At the end of September, Pope Francis made a surprise announcement at a papal Mass at King Baudouin Stadium in Brussels that he was going to open the beatification process of Belgian monarch King Baudouin.
King Baudouin was known as a devout Catholic monarch, who ruled between 1951 and 1993 and was uncompromising in his ideals, a principle that led to a dramatic showdown with the Belgian government and forced him to give up the throne temporarily in the early 1990s, over a law legalising abortion.
“On my return to Rome, I will open the process for the beatification of King Baudouin,” Pope Francis told the crowd, who erupted into applause, on September 28, 2024.
The Holy Father described the monarch as a man of faith and a great example.
But that news was not well received in the Democratic Republic of Congo, where it evoked the memories of the brutal killing of prime minister Patrice Lumumba in 1961, blamed on Belgium.

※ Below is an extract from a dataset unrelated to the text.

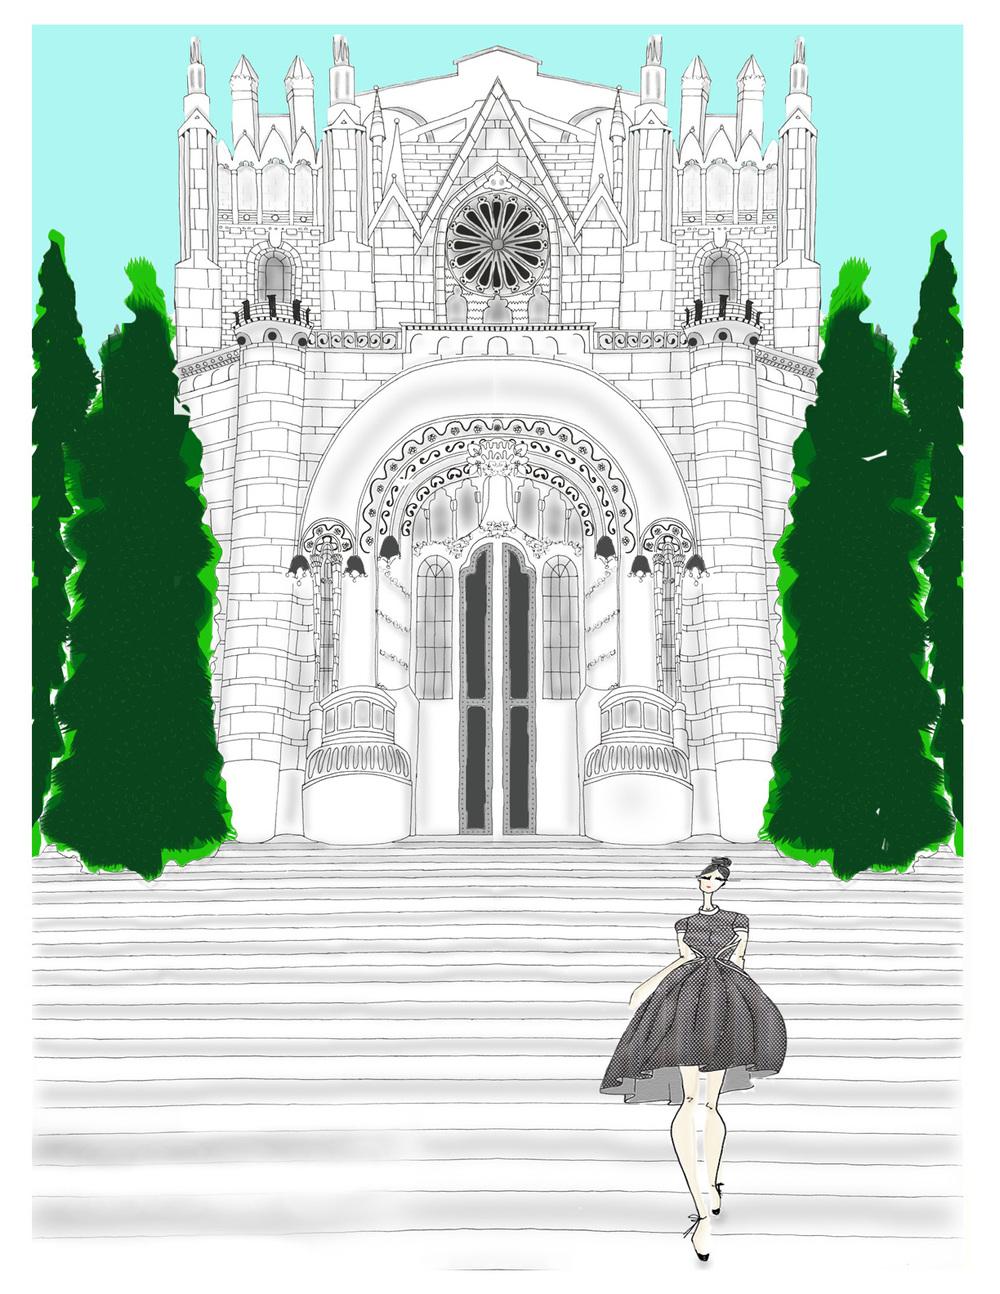 rendering of the Temple de Sagrat Cor on Mount Tibidabo in Barcelona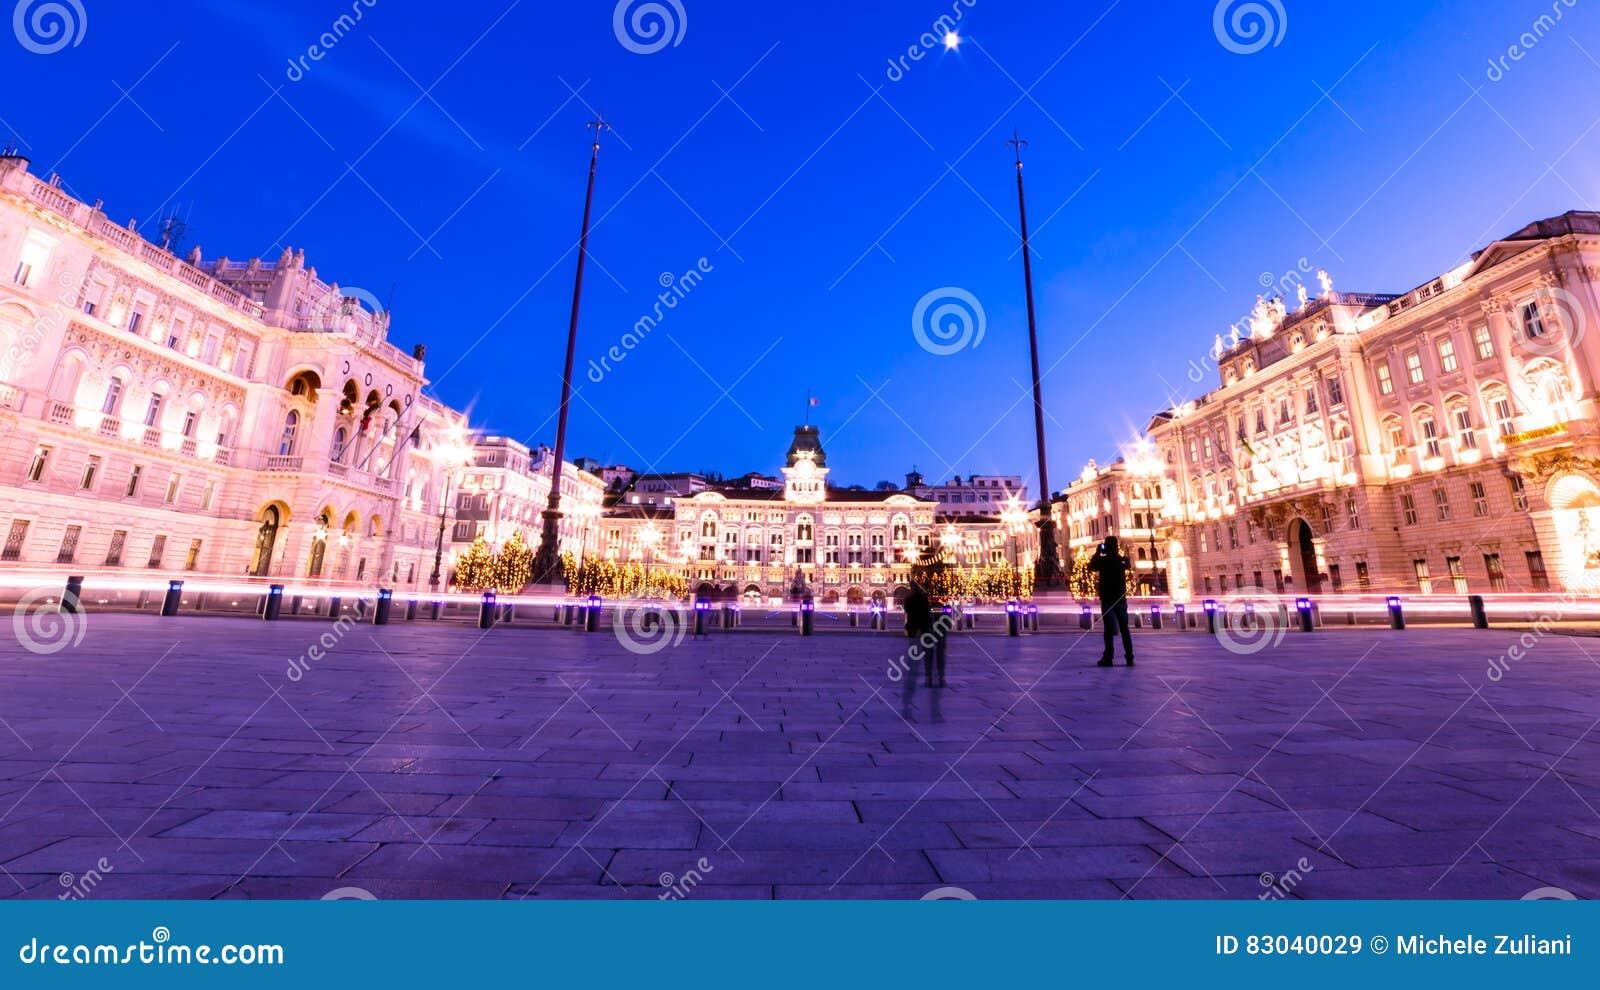 Trieste Natale Immagini.Il Quadrato Di Trieste Durante Il Tempo Di Natale Immagine Stock

In Kinshasa, Fridolin Cardinal Ambongo, Archbishop of Kinshasa and Chairperson of the Symposium of Episcopal Conferences of Africa and Madagascar (Secam), has voiced his reservations about the idea of canonising the monarch, citing Belgium’s alleged role in the death of Lumumba during Baudouin's reign.
Cardinal Ambongo told a press conference that the church should not be in haste in beatifying the king.
"We're going to look into the past. We know that something happened with the death of Prime Minister Patrice Lumumba. I believe that this is also the purpose of studying the cause of beatification," said the cleric known for his oratory and speaking his mind.
"We don't know the intricacies of his (the king's) life. If the dossier evolves in the way that some people want, to present it for canonisation, we are open to it. But there's still this file that could be called a black mark."
On June 30, 1960, when the Congo gained independence, King Baudouin arrived in the capital Léopoldville, now Kinshasa, where rivalries between politicians were fierce.
Belgium, still smarting from being pushed out of the Congo allied itself with Lumumba's enemies. Several historians claim that Belgium was involved in the assassination of Patrice Lumumba in January 1961.
The suggestion of canonisation of the monarch is therefore stirring public debate, with opposition leader Martin Fayulu supporting Cardinal Ambongo's sentiment.
"It is essential to cite the responsibility of King Baudouin in the assassination of our national hero Patrice Lumumba before considering his beatification," Fayulu said. "The Catholic Church must also reflect on the consequences of the actions of its ancestor Leopold II on our country."
King Leopold II, a great-great uncle of King Baudouin, is viewed as a figure of Belgian colonisation in the Congo, which he considered his fiefdom and whose resources he plundered with abandon.
When Congo gained independence on June 30, 1960, then 29-year-old King Baudouin paid tribute to "the genius of Leopold II for his civilising work in the Congo," causing dismay among the Congolese who remembered Leopold II as a "bloodthirsty" king.
The debate has raged over who should be blamed for Lumumba’s killing. Suspicion naturally fell on the Belgians, who had run their colony with unreserved cruelty before independence and bristled at Lumumba’s conception of national autonomy afterwards.
Yet historians weave a web of international politics featuring many people of different races and nationalities ― well-meaning and ruthless, African, European, and American ― who bear some responsibility for the crime.
The most recent initiative by the Pope to elevate the Belgian King to a saint has divided opinion.
While announcing his intent, the pontiff praised Baudouin's "courage" when he chose to "leave his post as king in order not to sign a homicidal law." In 1992, the Belgian monarch abdicated for 36 hours in order not to sign the law legalising abortion, an act praised by the Pope.
It is now up to the Vatican's Congregation for the Causes of Saints to study the case. In Brussels at the end of September, the Pope had asked the Belgian bishops to "commit themselves and bring this cause to a successful conclusion."
The last European monarch to be beatified by the church was the last emperor of Austria-Hungary, Charles I (1916-1918), who died in 1922 and was beatified by John Paul II in 2004.